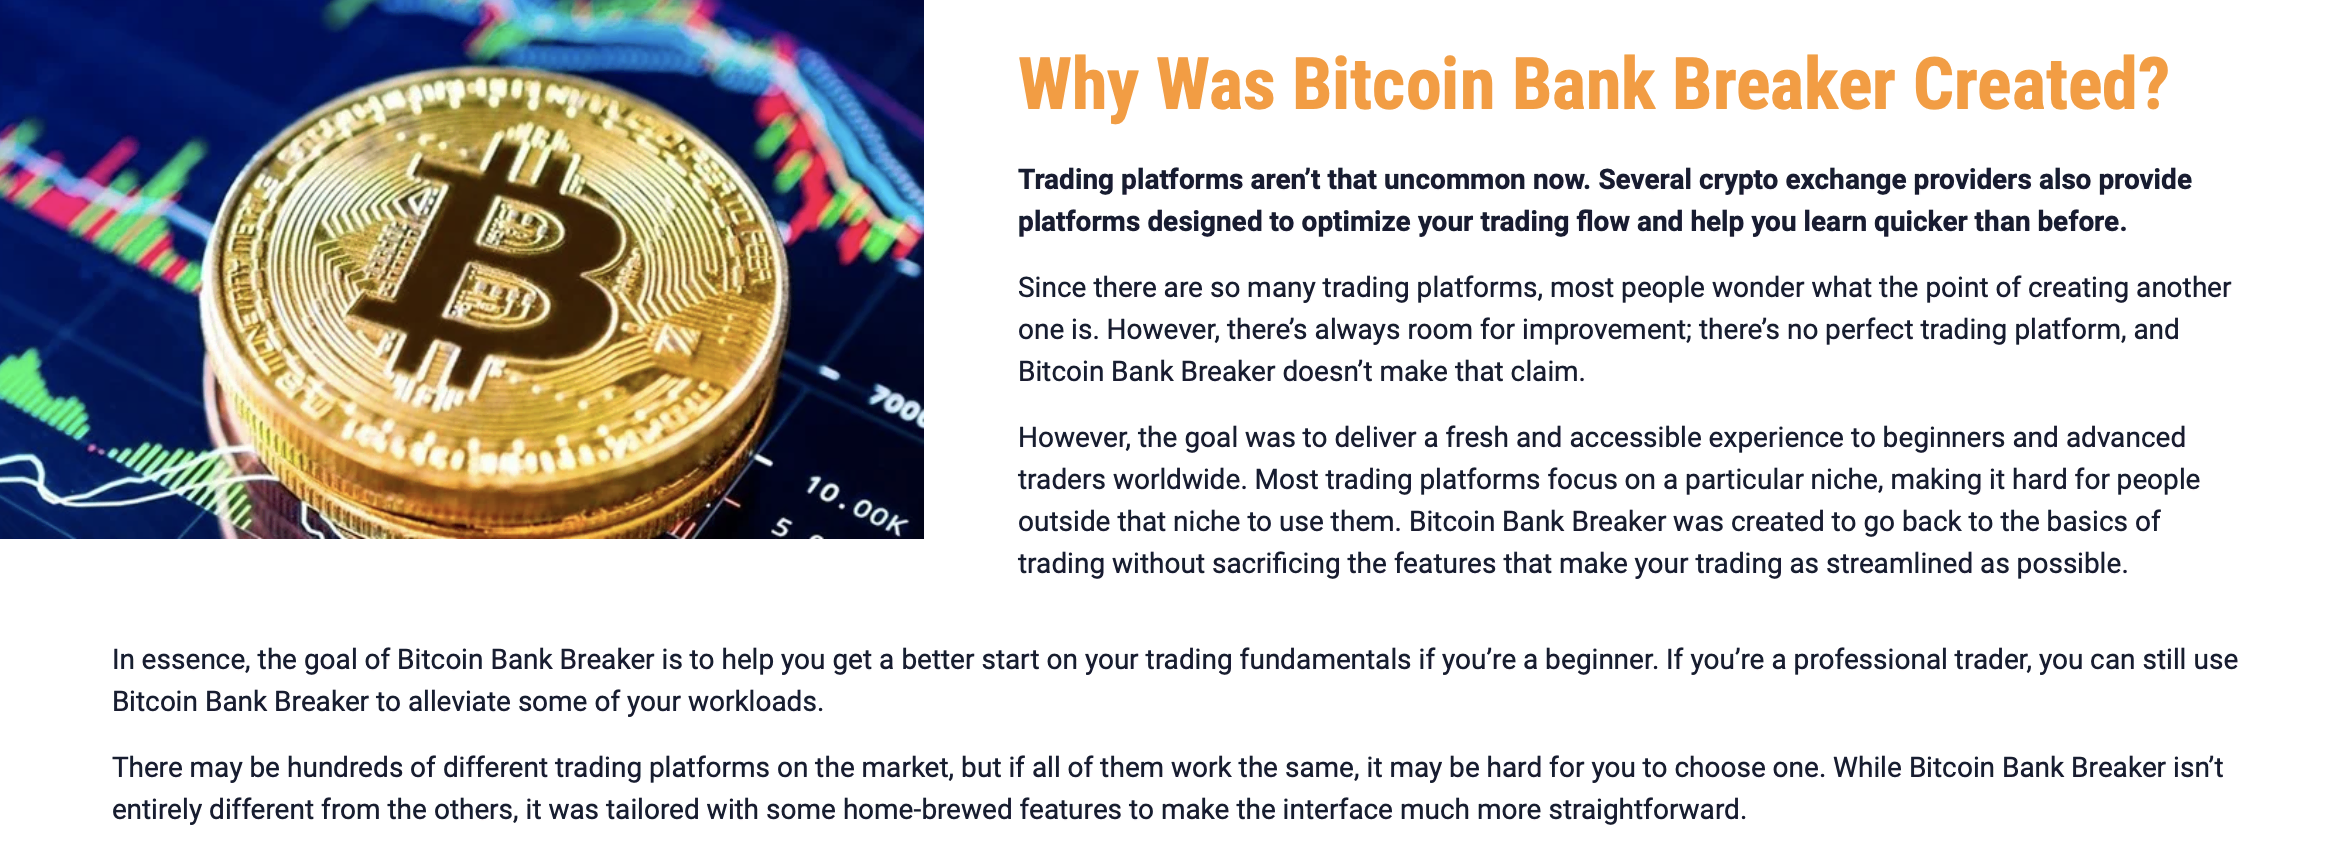 Mengapa Bitcoin Bank Breaker dicipta
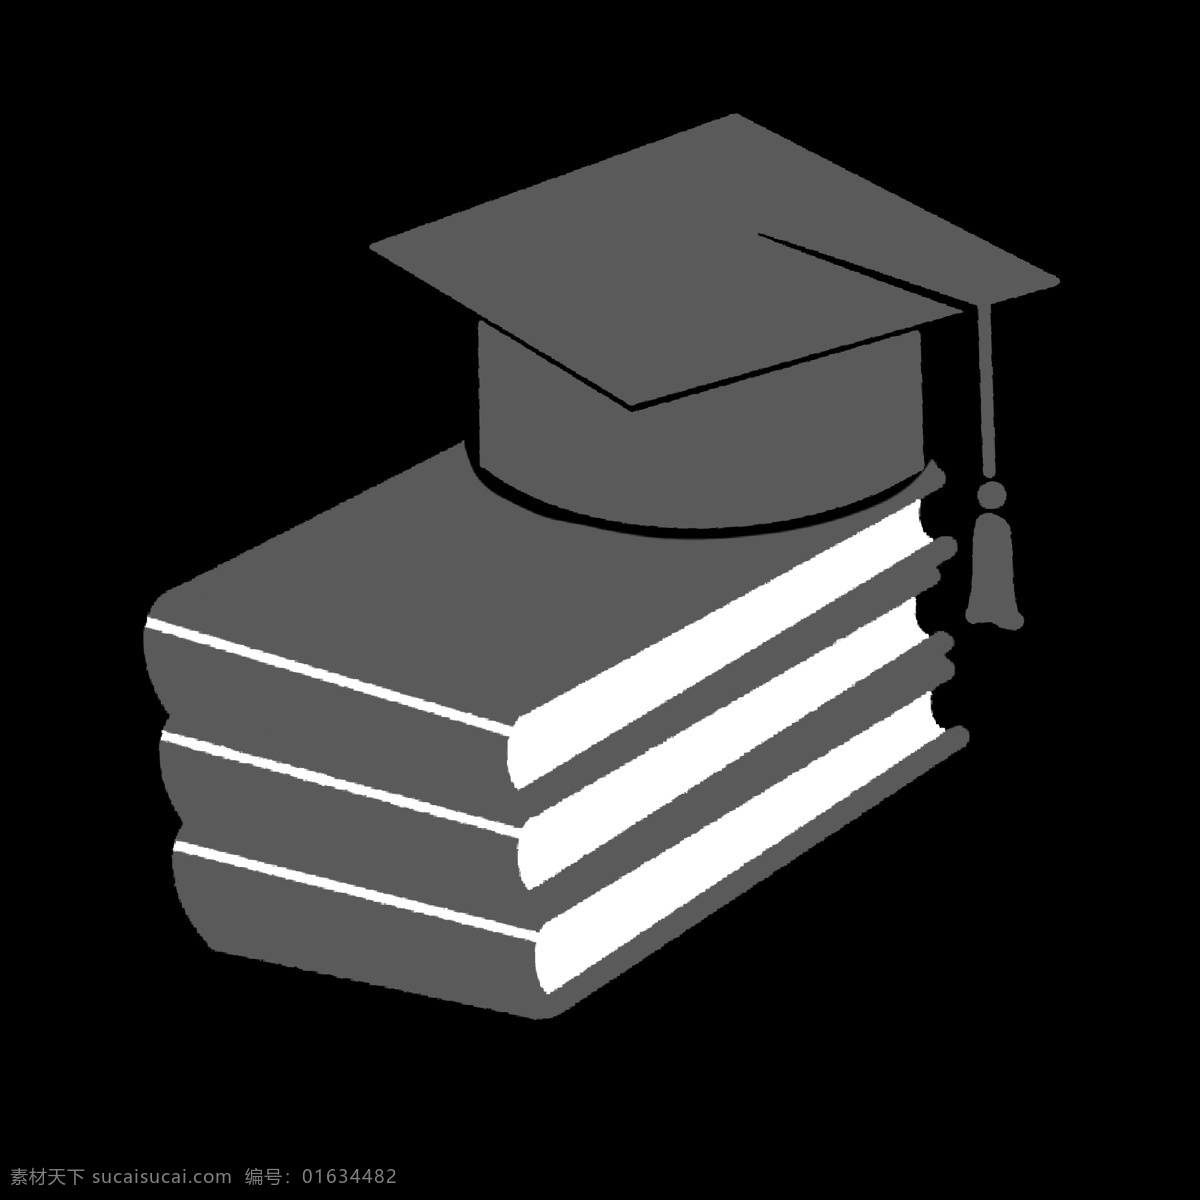 灰色 书籍 博士帽 简历 图标 受教育程度 学历 文化程度 知识水平 简洁 抽象 卡通 ppt使用 名片使用 简历表专用
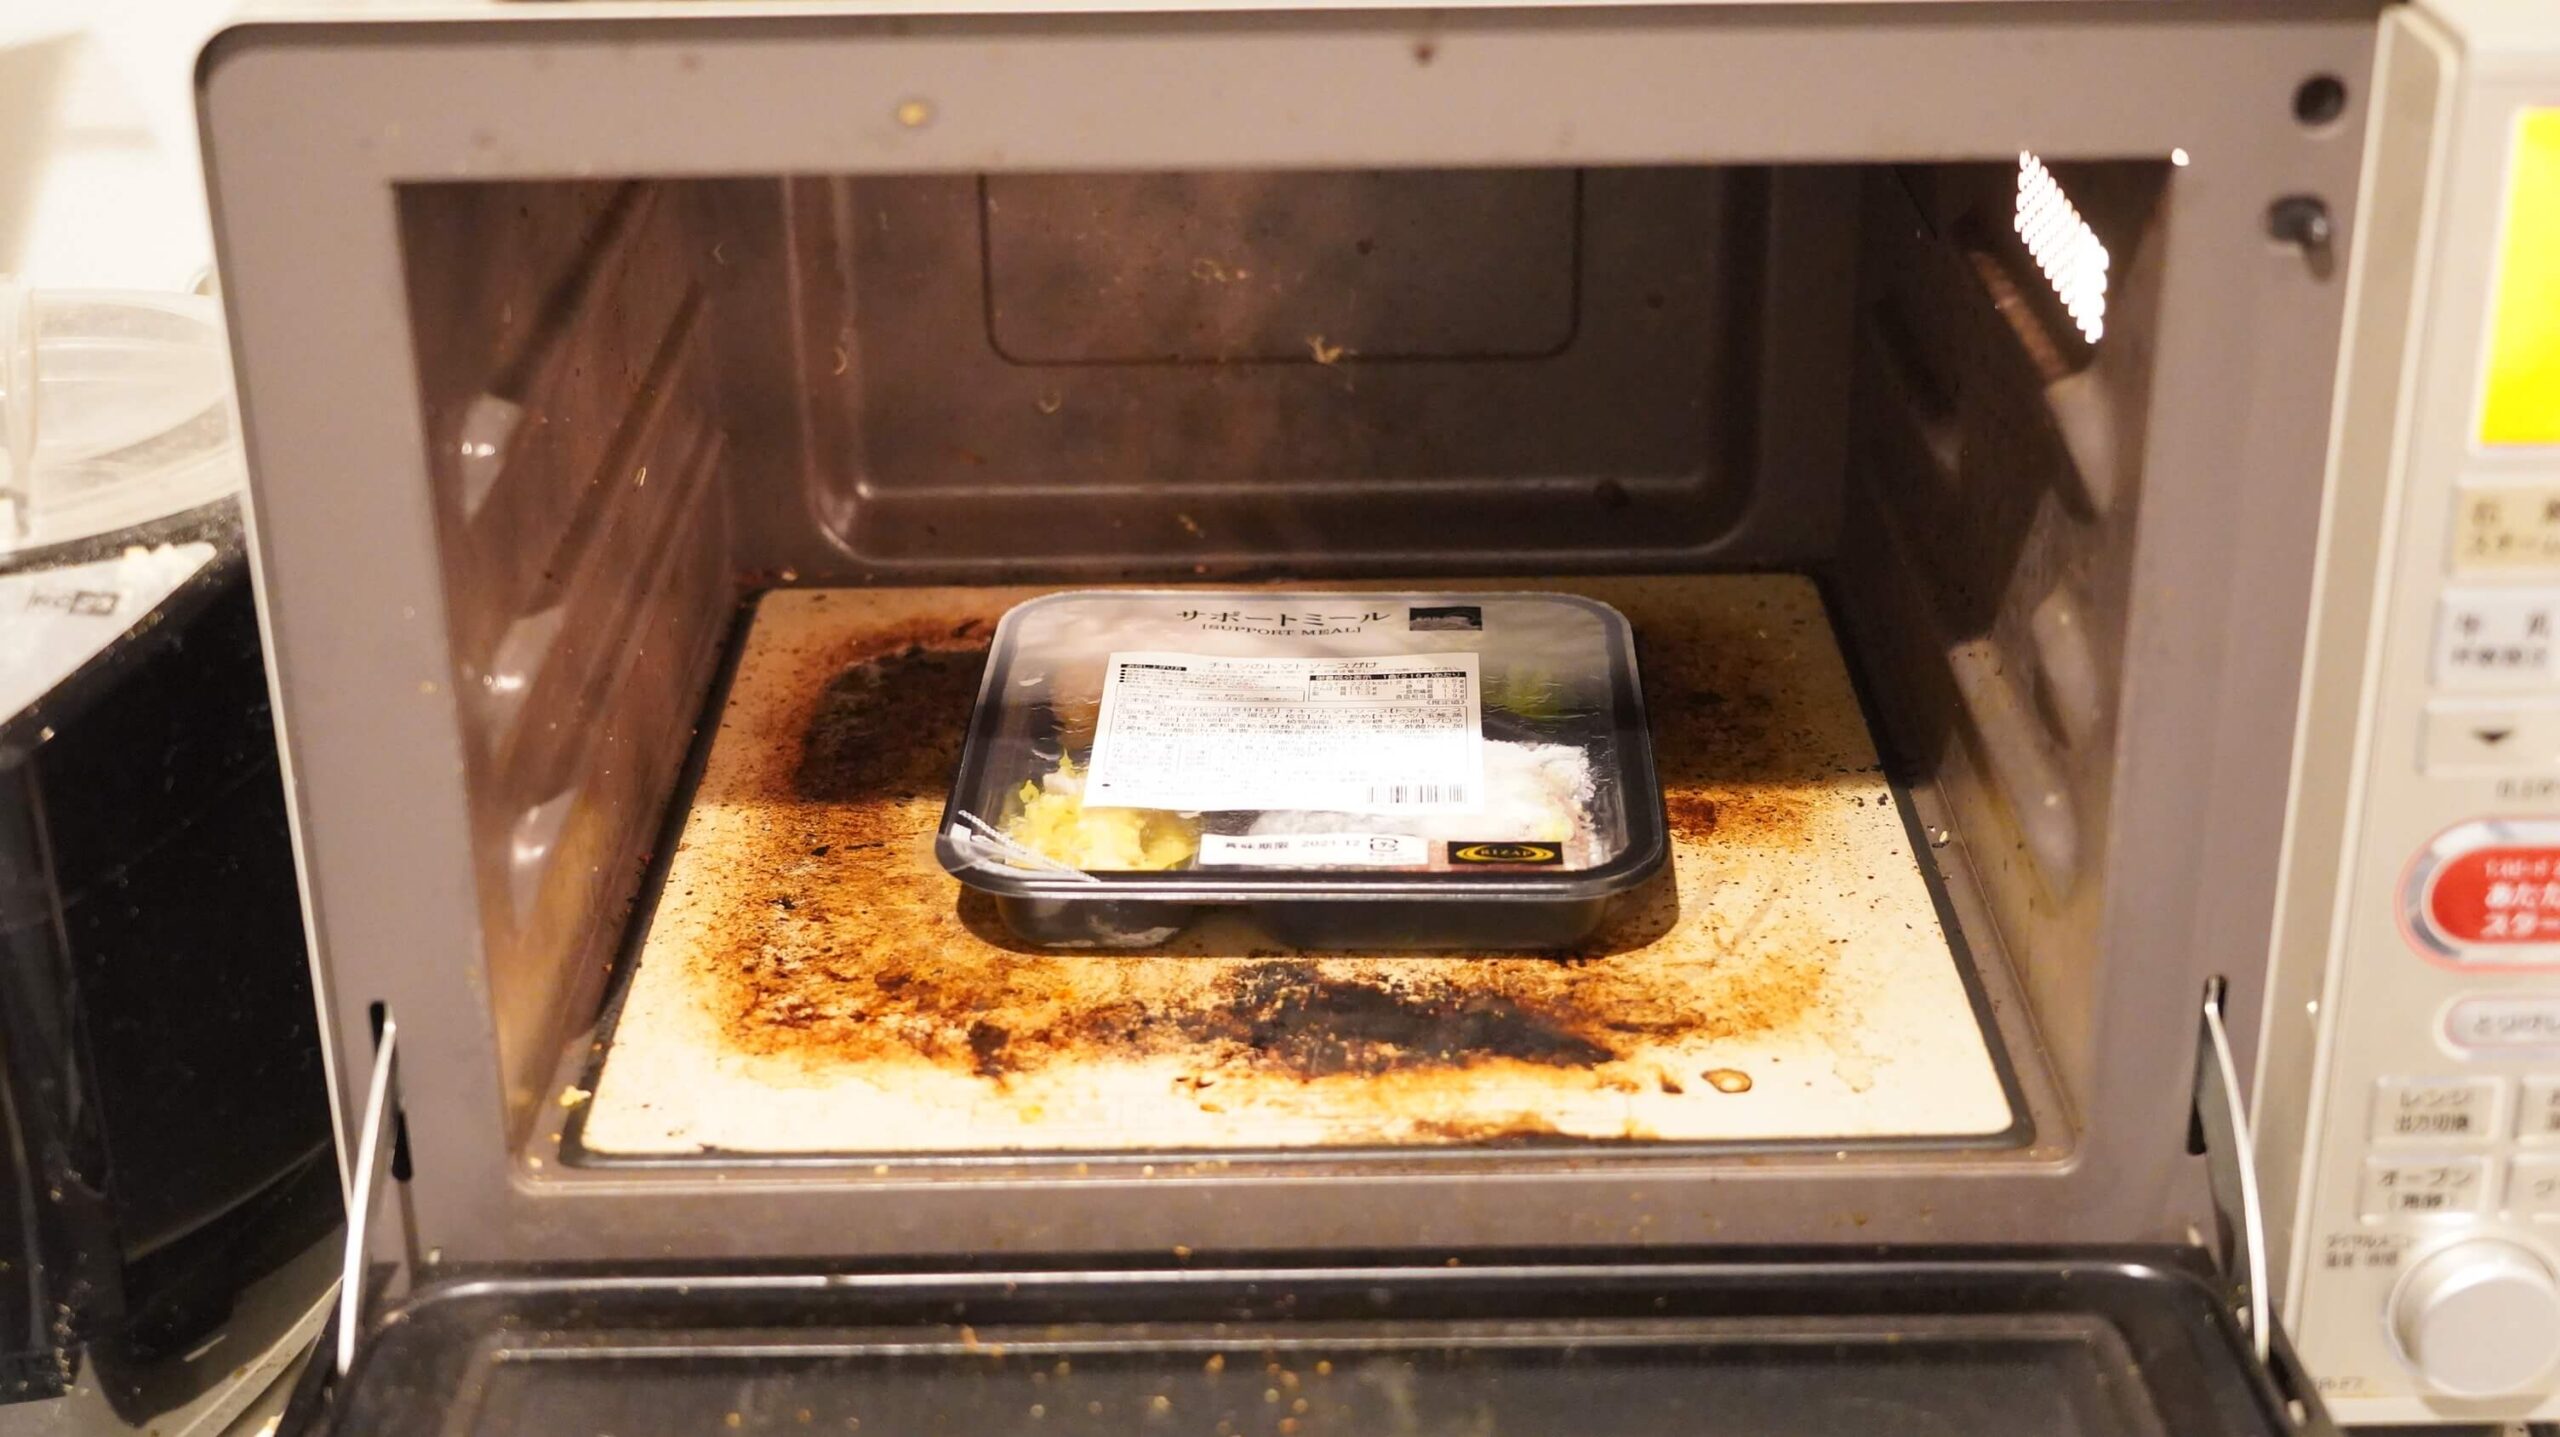 ライザップのサポートミール「チキンのトマトソースがけ」を電子レンジで加熱している写真

WHAT THE TASK ASKS: Images are to be omitted; repeat the remaining data above exactly.

REPLY:
 Mengapa Bitcoin Bank Breaker dicipta
 灰色 书籍 博士帽 简历 图标 受教育程度 学历 文化程度 知识水平 简洁 抽象 卡通 ppt使用 名片使用 简历表专用
 ライザップのサポートミール「チキンのトマトソースがけ」を電子レンジで加熱している写真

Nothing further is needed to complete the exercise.